Once the decision was made I accepted there was nothing more I could do for the night and would need to seek help in the morning. Of course, my academic advisor was booked for the next week. I made an appointment but followed up with an email explaining the situation in case I needed to be talking to someone more urgently. I was sent to talk to the Registrar's Office. With little discussion or sympathy, my application to graduate was yanked, not just pulled, but jerked from the system. It felt so abrupt and impersonal. I felt the need to explain myself, justify my reasons for not being able to finish up this term...but I gather this probably isn't as big of deal as it feels to me. The Registrar's Office was professional, but I felt like I needed to let someone know why I couldn't do it, or else I was just a failure. Then I realized what was done was done, and it was time to refocus and find some positives in this mess.

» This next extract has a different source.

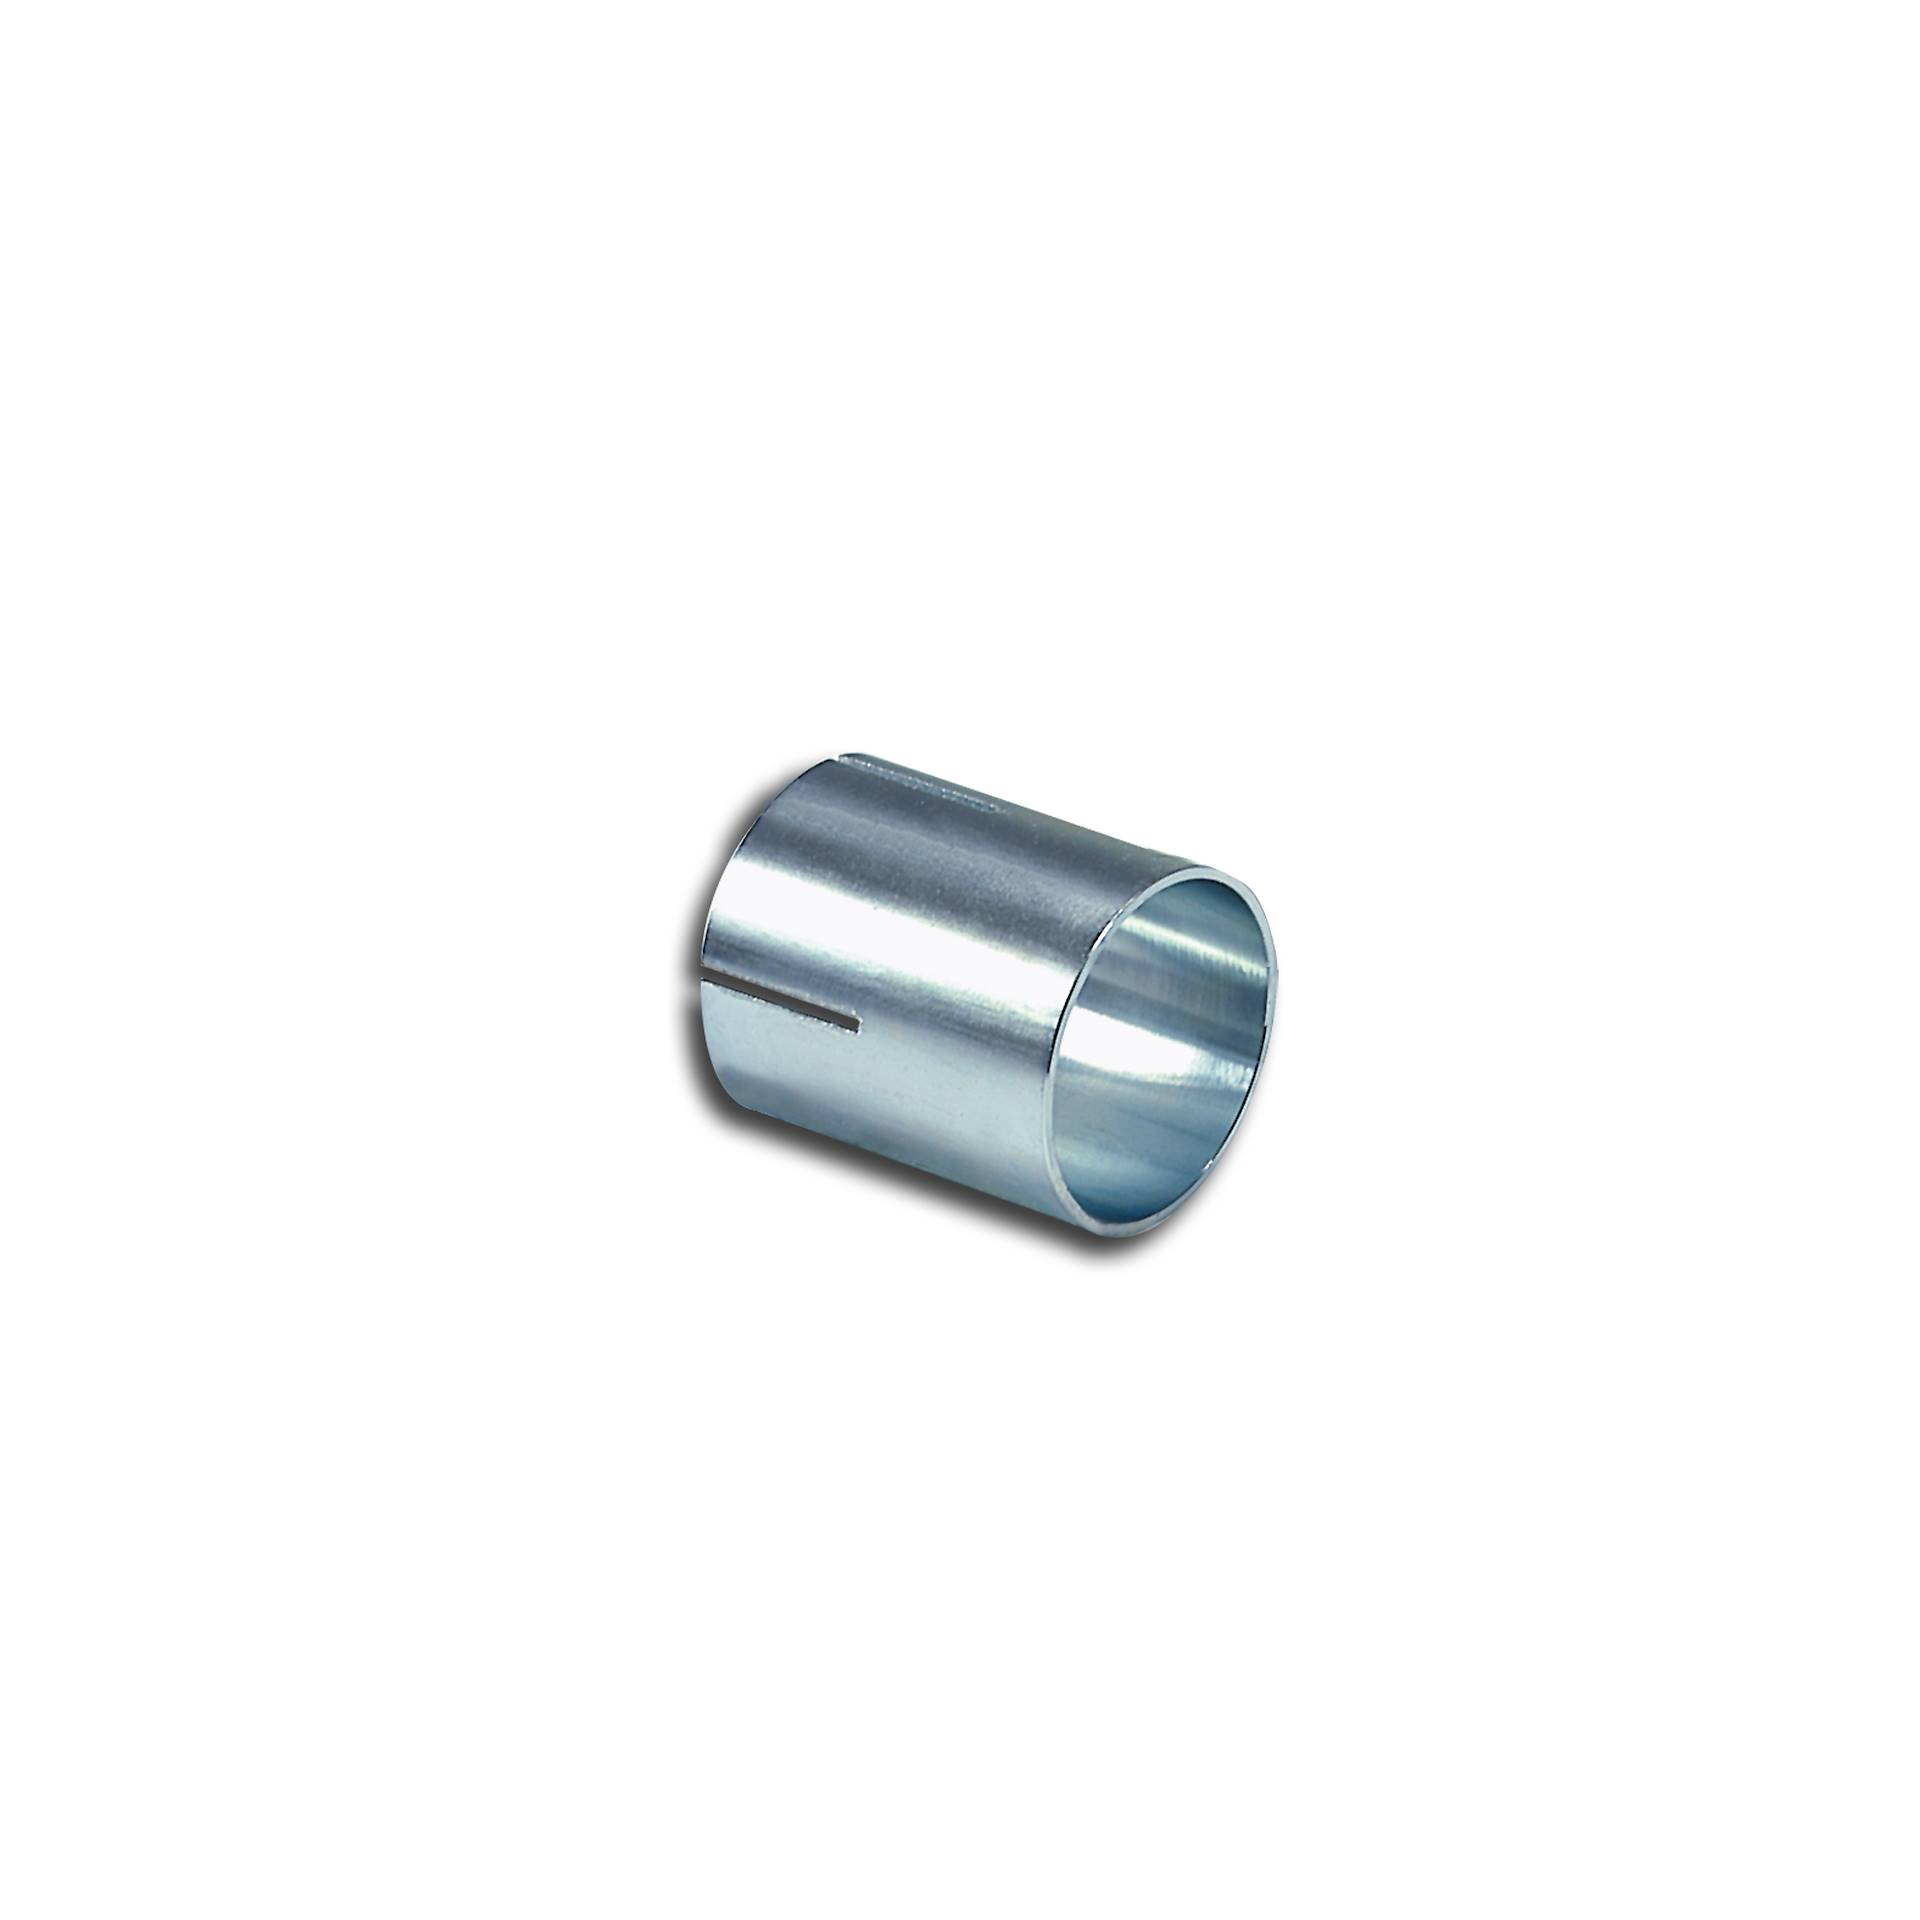 Supersprint | Prodlužovací trubka - Mini Cooper D (F54), 2.0d, 2015->, 833133 (Prodlužovací trubka)

Plans change. Sometimes, life throws something at you that you weren't expecting and you have to adapt. This isn't the end of the world. And this won't be the biggest thing to happen to me this year, even if it has drastically changed my plans.
I'm going to need to take a class in the spring to finish my geography degree. At first this felt like a disappointment, but it turns out, the two classes I have to choose from in the spring are exactly the kind of subjects I'm looking at specializing in at graduate school. I'm more excited about these courses than I was for the subject I dropped anyway!
Since I'm going to be around in the spring, I have started taking steps to become a youth soccer coach for a local league. Coaching soccer combines a handful of my passions, and I'm excited about becoming more involved in the community. This is also a good thing.
As a student, I'm eligible to apply for more jobs in the spring that have caught my interest.
I've always loved Eugene in the spring, and my friends are excited I'm not only staying but still going to be around campus at least a few days a week.
These are all things I can't find disappointing.
I'm convinced life usually works out the way it does for a reason. I hadn't planned on enrolling in the spring, but now that I need another class I'm going to enjoy an incredibly light load and make the most of it. I'm going to revisit some of my goals, and look for ways to reintroduce old hobbies and interests into my life that have slipped away because I've been so narrowly focused on school.
So there you have it. I planned to graduate this term, and now I can't. And you know what, it is going to be all right. I am going to be all right.